Przy zderzeniu lub nagłym hamowaniu samochodu jadącego z prędkością blisko 90 km/h ważąca około 9 kg walizka uderza z siłą ponad 450 kg. Taka siła w testach bezpieczeństwa jest w stanie urwać rękę manekina. Wyjątkowo zagrażające są przedmioty położone na półce przy tylnej szybie. Nawet jeśli są drobne, wysokość, na której się znajdują, może skutkować najbardziej niebezpiecznymi urazami, bo urazami głowy.
Wszystkie przedmioty, które nie są niezbędne, powinny być zamknięte w bagażniku lub schowkach.
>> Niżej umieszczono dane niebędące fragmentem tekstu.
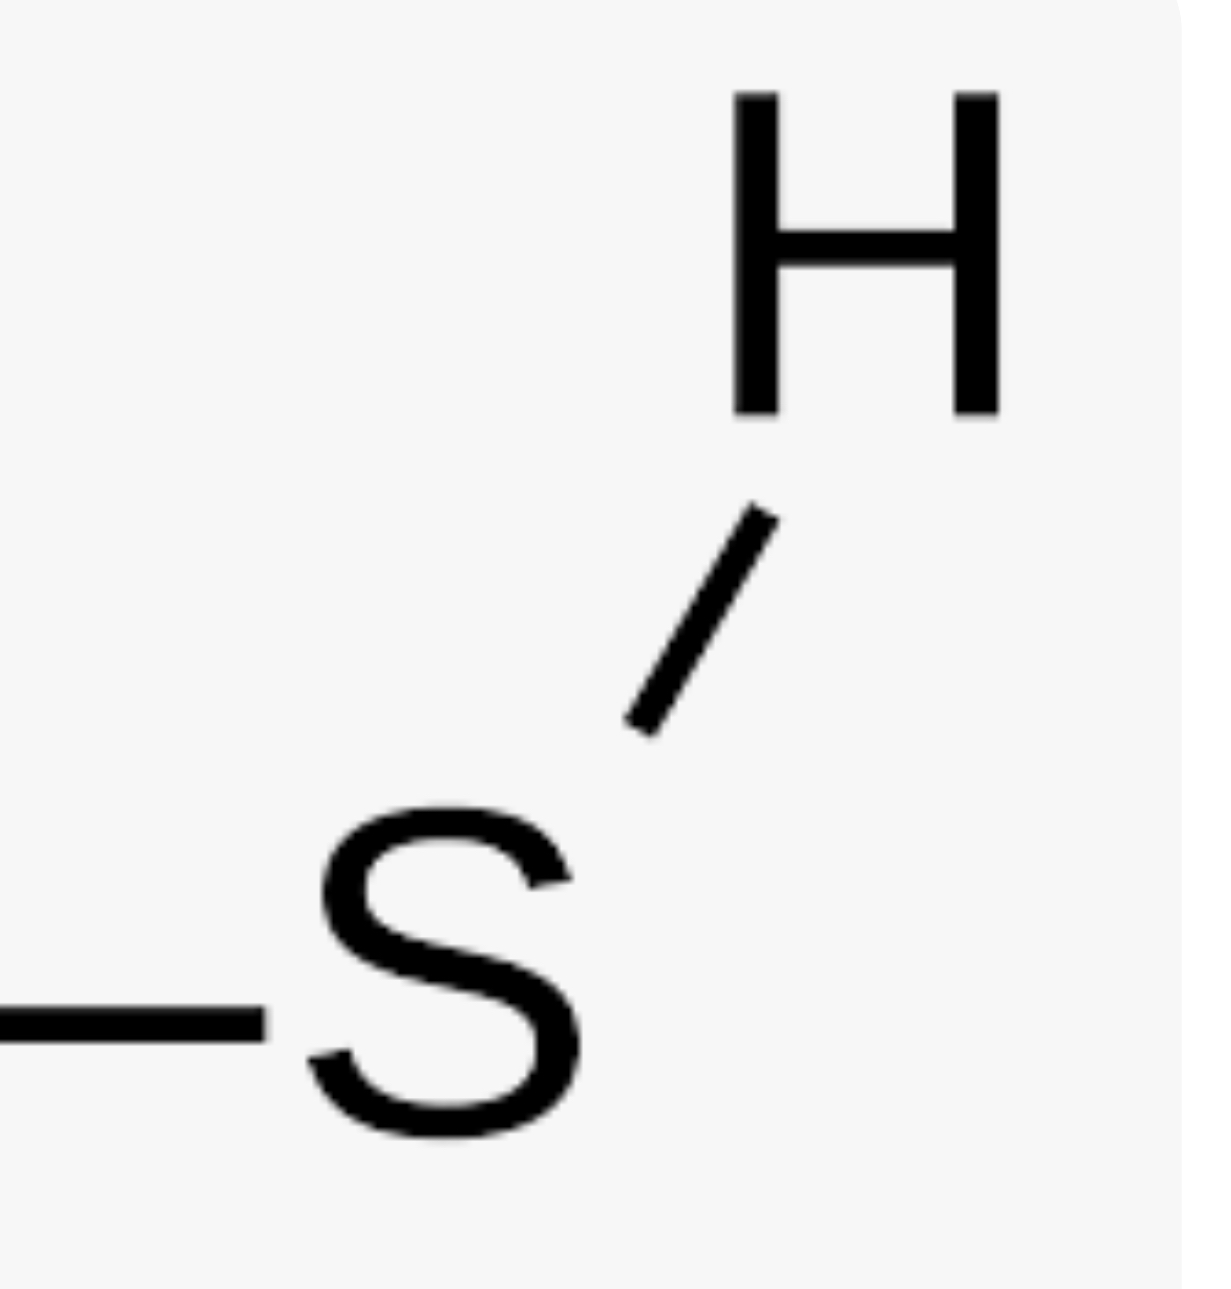 <p>-SH or HS- (forms thiols) (hydrophilic and increases compound’s solubility in water)</p>

Tam też powinny się znaleźć telefon komórkowy, mapa czy okulary. Jeśli musimy przewozić coś luzem, np. napoje chłodzące, to należy kłaść je na siedzeniu pasażera lub – najlepiej – na podłodze przed siedzeniem pasażera. Na każdym przystanku warto też pozbywać się nagromadzonych śmieci, by minimalizować zagrożenie również takimi sytuacjami, gdy turlające się po podłodze dostaną się pod któryś z pedałów.
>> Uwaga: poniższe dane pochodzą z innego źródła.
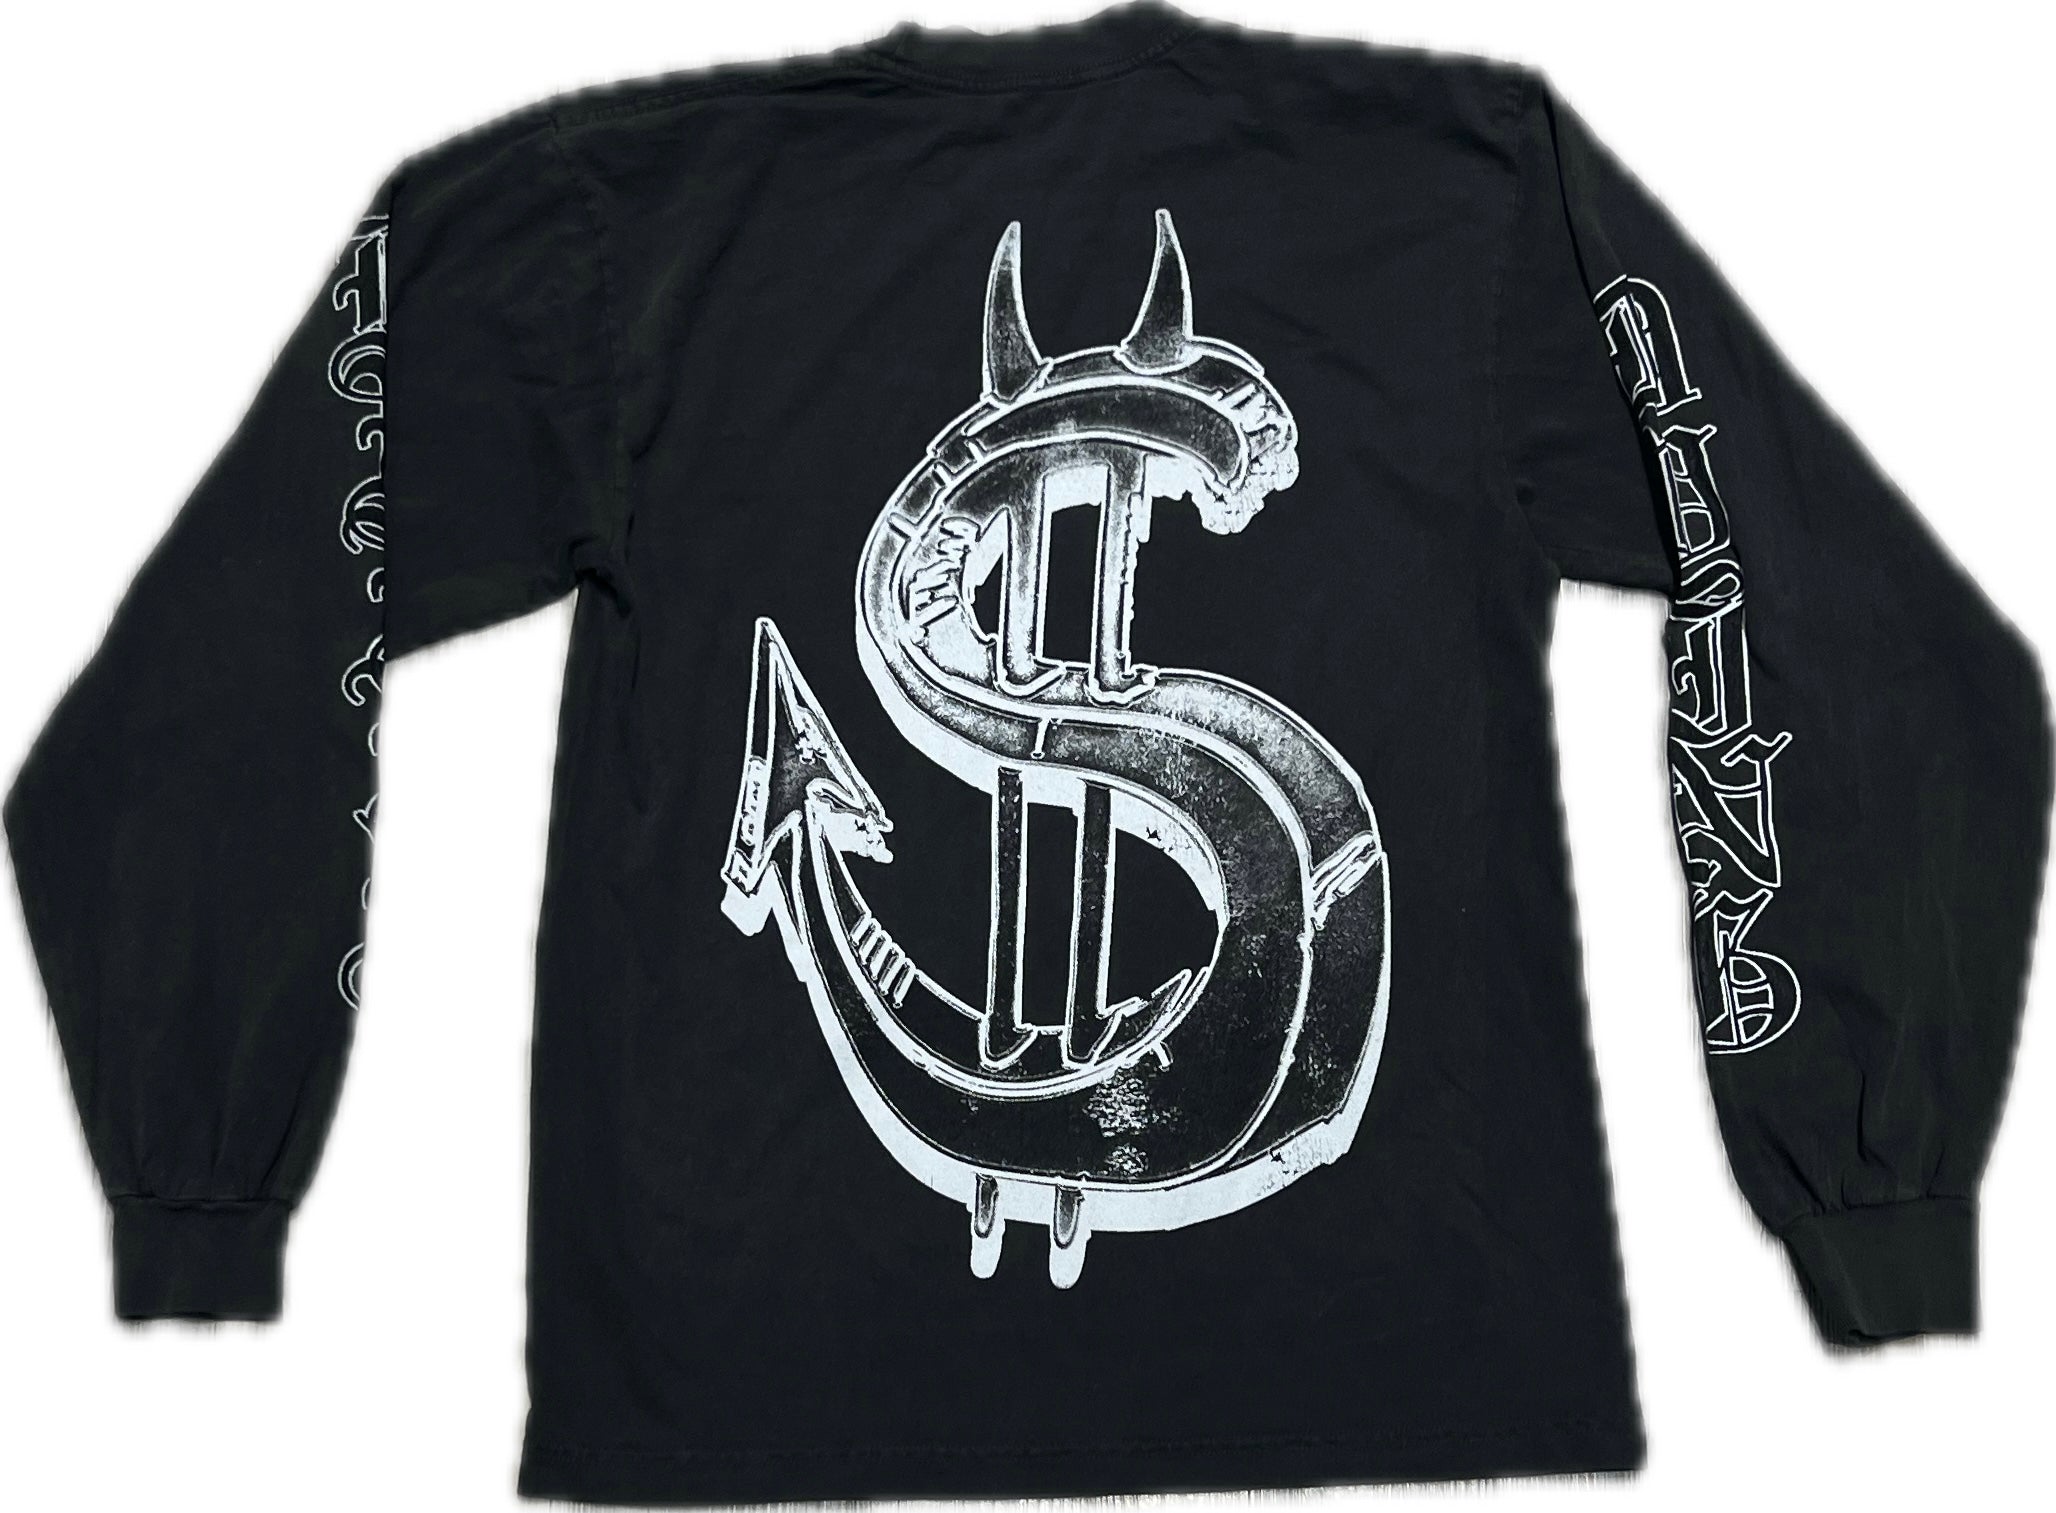 Black Dying Breed L/S

Pakując się, zadbajmy o zabezpieczenie bagaży |
fot. Renault
|
Należy zadbać również o odpowiednie zabezpieczenie zwierząt, by nie ograniczały widoczności i ruchów kierowcy. Można je umieścić na tylnym siedzeniu, przypinając pasami bezpieczeństwa lub w specjalnym namiocie w bagażniku samochodów typu kombi lub van. Dużemu psu należy założyć uprząż i przypiąć go pasami, a mniejszego umieścić w kojcu, który również przypinamy.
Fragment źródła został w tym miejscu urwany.